Madsen valuates Vancouver’s International Airport at between $8 billion and $10 billion; heavily-indebted Calgary International could bring $2 billion. Taking Canada’s airports to market thus offers the opportunity for realizing a substantial source of cash as the federal deficit spirals out of control. If airports could find a way to pay down their debts and eliminate those troublesome federal lease payments, those values could rise significantly, says Madsen in an interview. He suggests any initial private-sector investment should be applied to repaying debt in order to improve the airports’ overall financial situation in the future.

With the ongoing frenzy in Sydney revealing a healthy appetite among large global institutional investors for airport deals, Madsen figures now is a good time to begin the process in Canada. In fact, there may not be much choice. “The Canadian model is not sustainable,” the financial analyst concludes. Scott agrees. “The pandemic has placed huge pressure on the local airport authorities” says the airport designer. “Instead of paying down their debt, they’ve been piling it on – creating huge liabilities.”

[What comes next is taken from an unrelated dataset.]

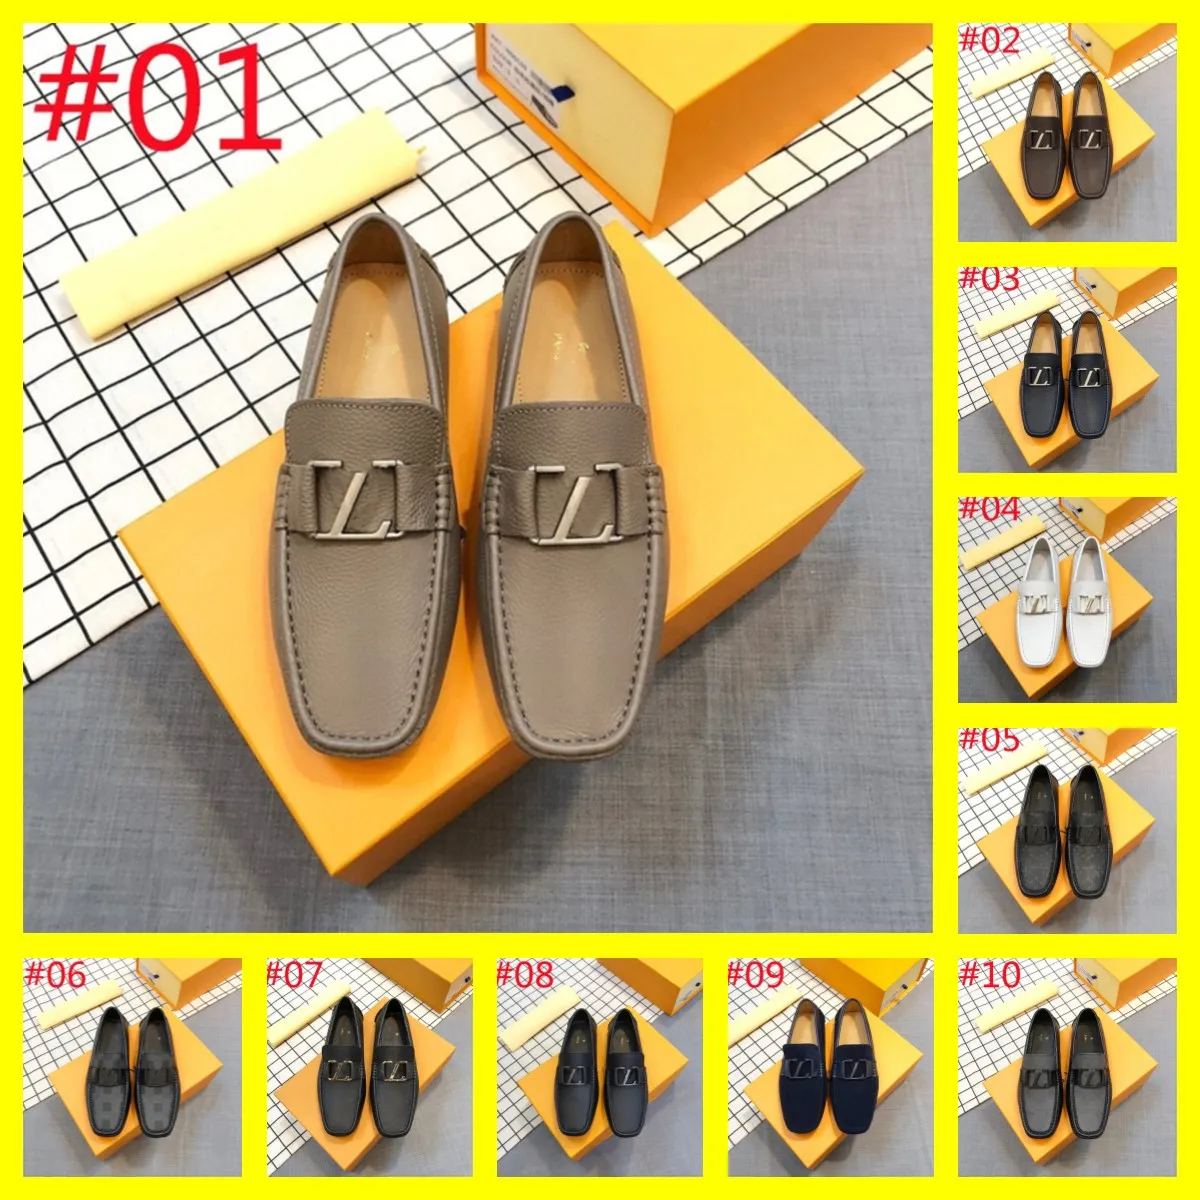 40 tarzı erkek tasarımcı loafers ayakkabıları lüks İtalyan klasikleri altın mokasenler elbise ayakkabıları siyah beyaz gerçek deri ofis düğün yürüyüş sürücü ayakkabı boyutu 6.5-12

Scott figures this mounting pressure could soon rupture the status quo and force the government’s hand. Early evidence of looming distress may be seen in a recent request for interest from investors by Toronto’s small, city-owned Billy Bishop Airport, located on an island near the downtown core. “Here we have a situation where there’s no revenue coming in, and they need someone to come in and take it over,” says Scott. The airport has been closed since March 2020 and plans to reopen next month.

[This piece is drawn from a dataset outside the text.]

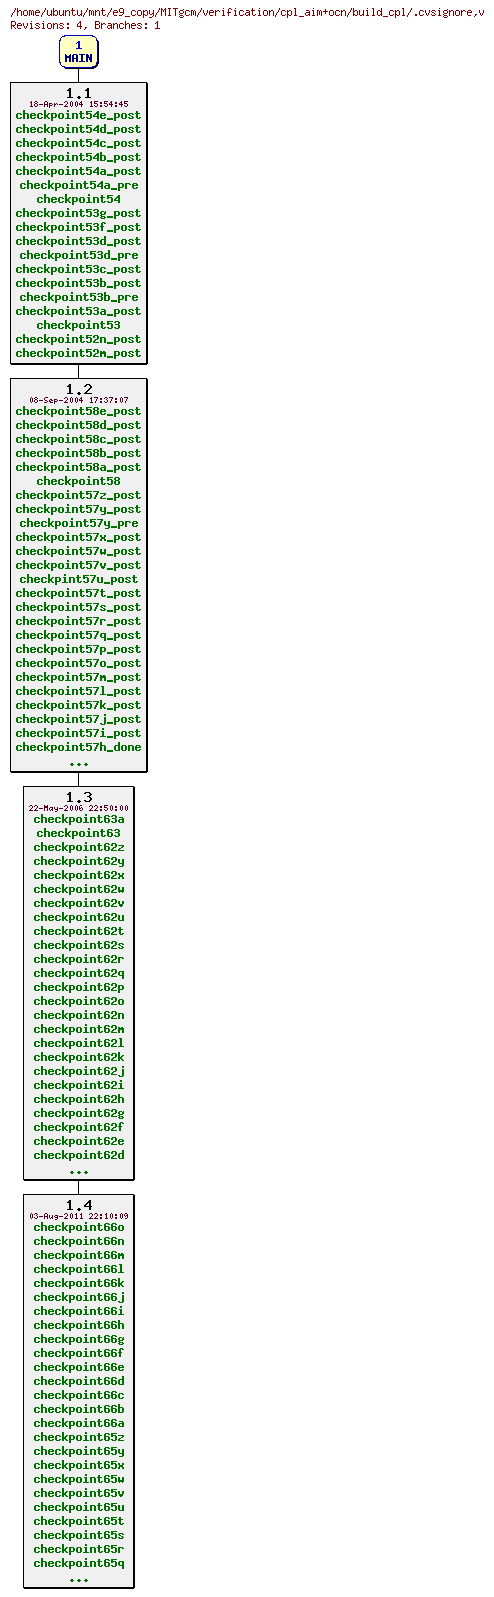 Revisions of MITgcm/verification/cpl_aim+ocn/build_cpl/.cvsignore

If the underlying problems nagging Canada’s airports – high debt, exorbitant lease payments and political aversion – can be overcome, there’s great value waiting to be unlocked, says the Reason Foundation’s Poole, who will soon release his own valuation report on the prospects for privatizing 35 U.S. airports. “If investors are willing to put their money in airports in Peru, Chile, Colombia, India and elsewhere, they would clearly welcome an opportunity to invest in similar long-term assets in a highly-developed country such as Canada,” says Poole. “Canada and the U.S. are really the last two untapped markets [for airport privatization] in the world.”

Given the demonstrated investor excitement for Sydney’s airport, and with Canadian taxpayers coming to the end of their ability to fund massive federal subsidies and bailouts, now is the time to start talking about bringing Canada’s airports into the modern age.

Peter Shawn Taylor is senior features editor at C2C Journal. He lives in Waterloo, Ontario.